Wir mussten uns gründlich waschen, alles desinfizieren bevor wir in den kleinen Raum mit 5 kleinen Brutkästen und Wärmebetten kamen, alle umstellt von vielen Geräten.
Im hintersten lag meine Tochter, völlig verkabelt. Sie hatte eine Beatmungsmaske, eine Magensonde und sämtliche Elektroden die alles mögliche aufzeichneten und überwachten. Ihr ganzes Gesicht war angeschwollen, sodass sie nur minimal die Augen wenn überhaupt hätte öffnen können.
Nur langsam traute ich mich an das kleine Wesen und meine Tränen und Emotionen überkamen mich völlig. Ich weinte hemmugslos, weil ich so sprachlos war über das was ich sah.



Mein kleines Mädchen da so zu sehen, so hilflos, so völlig eingenommen von den medizinischen Geräten,...So...Mir fehlen immer noch die Worte den Moment zu beschreiben und meine Gefühle richtig zu sortieren bzw. Ausdruck zu verleihen. Noch heute, so auch jetzt, kommen mir allein bei dem Gedanken daran die Tränen.
Dass ich eine so schwere Schwangerschaft hatte kann ich noch ertragen, aber dass mein kleines Mädchen nun so einen schweren Start hat, bricht mir das frisch gebackene Mutterherz.


Lotti ist durch den Schwangerschaftsdiabetes mit stolzen 50cm und 3390g auf die Welt gekommen, aber die Organe sind eben noch nicht so gut entwickelt, sodass sie eben die Unterstützung braucht, sowie die zusätzliche Wärme, da sie ihre eigene Körpertemperatur noch nicht halten kann.



Die nächsten Tage rannte ich ständig zwischen der Wöchnerinnen Station und der Neonatologie hin und her, um so oft wie möglich bei meinem Kind zu sein.
Lotti verbrachte 5 Tage auf der Neonatologie.

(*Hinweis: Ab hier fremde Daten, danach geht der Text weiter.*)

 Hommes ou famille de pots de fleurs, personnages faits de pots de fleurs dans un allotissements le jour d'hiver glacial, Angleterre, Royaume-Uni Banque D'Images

Bereits am dritten Tag konnte die Beatmung und Magensonde entfernt werden und wir zogen Mitte der Woche endlich gemeinsam auf ein Zimmer auf die Neonatologische Nachsorge Station.

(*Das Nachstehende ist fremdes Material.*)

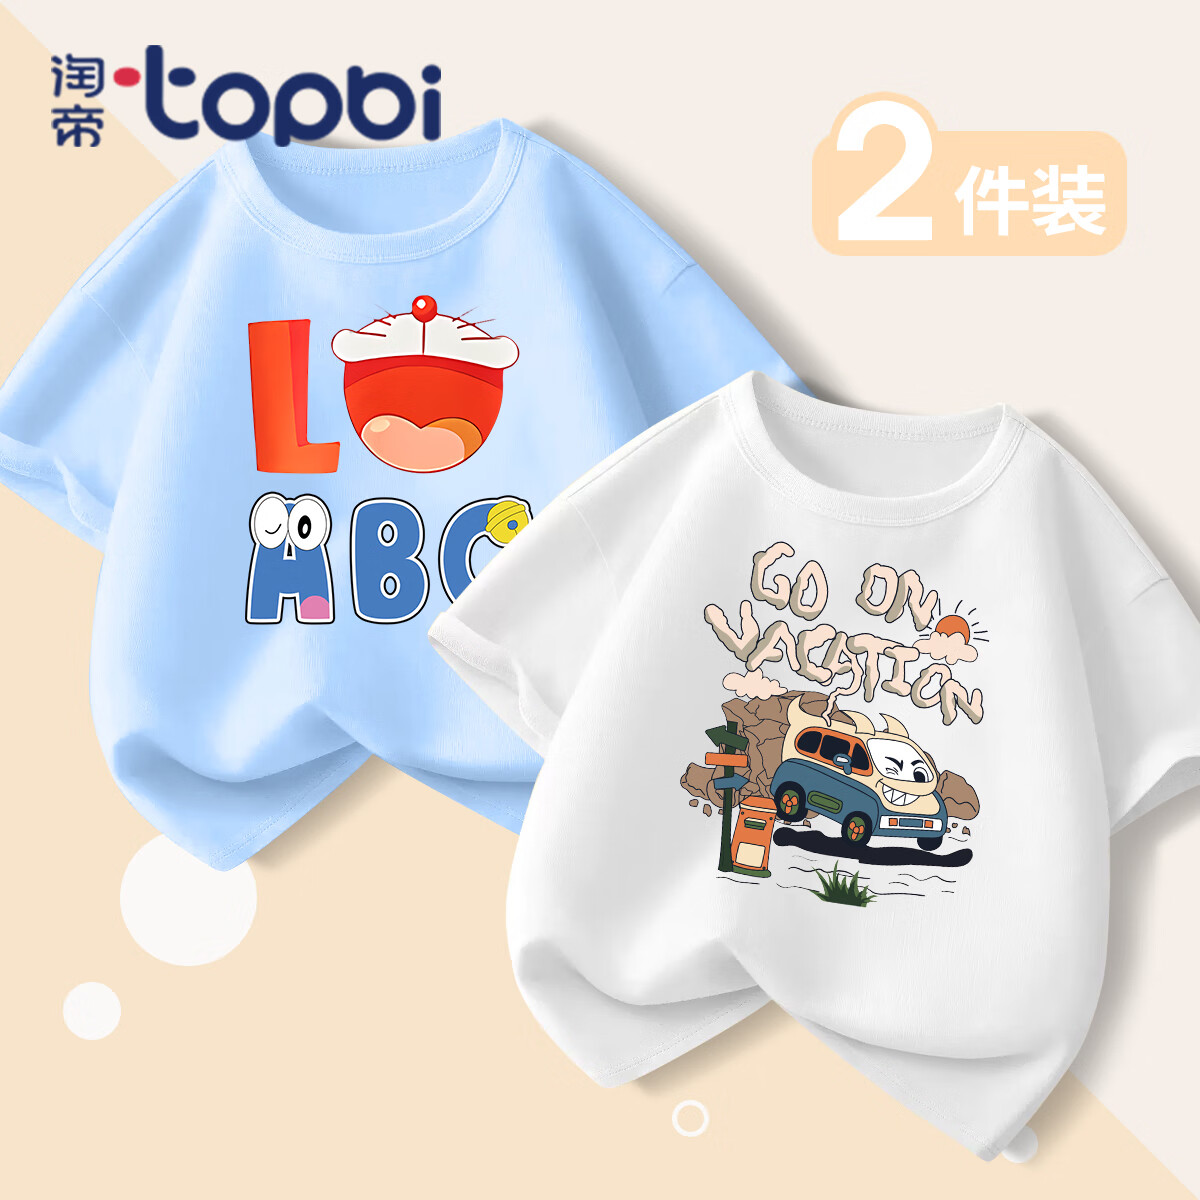 淘帝（TOPBI）儿童纯棉短袖T恤 2件 19.55元包邮、合每件9.77元

Zur Entlassung erfuhren wir leider dann auch erst noch, dass Lotti bei der Geburt einen Schlüsselbeinbruch erlitten hat und wir wohl diesbezüglich auch mit ihr zur Physiotherapie müssen.

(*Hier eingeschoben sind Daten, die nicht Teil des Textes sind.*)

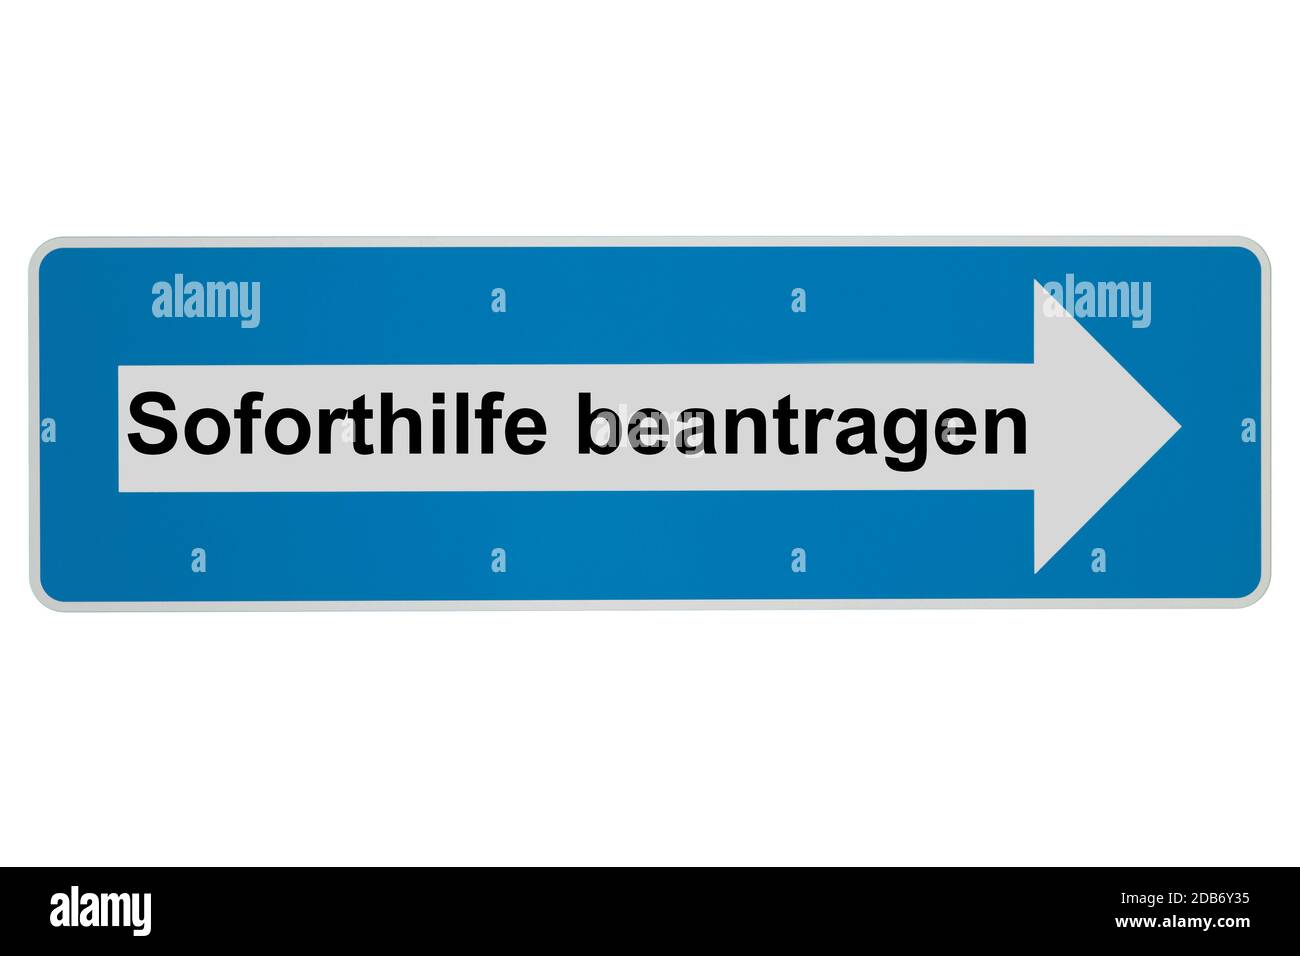 Concepto: Sofortilfe beantragen en alemán significa Seguridad Económica - Arrow Road signo sobre fondo blanco Foto de stock

Nach 8 Tagen in der Klinik konnten wir endlich nach Hause. Ich werde den Moment nicht vergessen als ich dann endlich mit ihr nackt,  lediglich mit einem Tränenschleier vor Glück bekleidet, auf der Couch lag und das intensive kuscheln unmittelbar nach der Geburt nach geholt habe.
Uns ist durch die direkte Trennung nach der Geburt so viel Geborgenheit verloren gegangen, ich hatte mich so verloren gefühlt, auch weil ich mein Kind allein lassen musste.



Die Geburt als solche empfand ich nicht schlimm und auch wenn es insgesamt 31h gedauert hat war sie im Gegensatz zu meiner Schwangerschaft unproblematisch, ja fast angenehm.
Das was mir schwer zu schaffen macht ist Lotti ihr schwerer Start und die Zeit nach der Geburt in der Klinik. Gemeinsam versuchen wir die Zeit aufzuarbeiten und werden sicherlich hier professionelle Hilfe in Anspruch nehmen. 
Das größte Glück ist aber nun mit Lotti und Luri gemeinsam das Leben genießen zu können, auch wenn die Nächte oft schlaflos sind.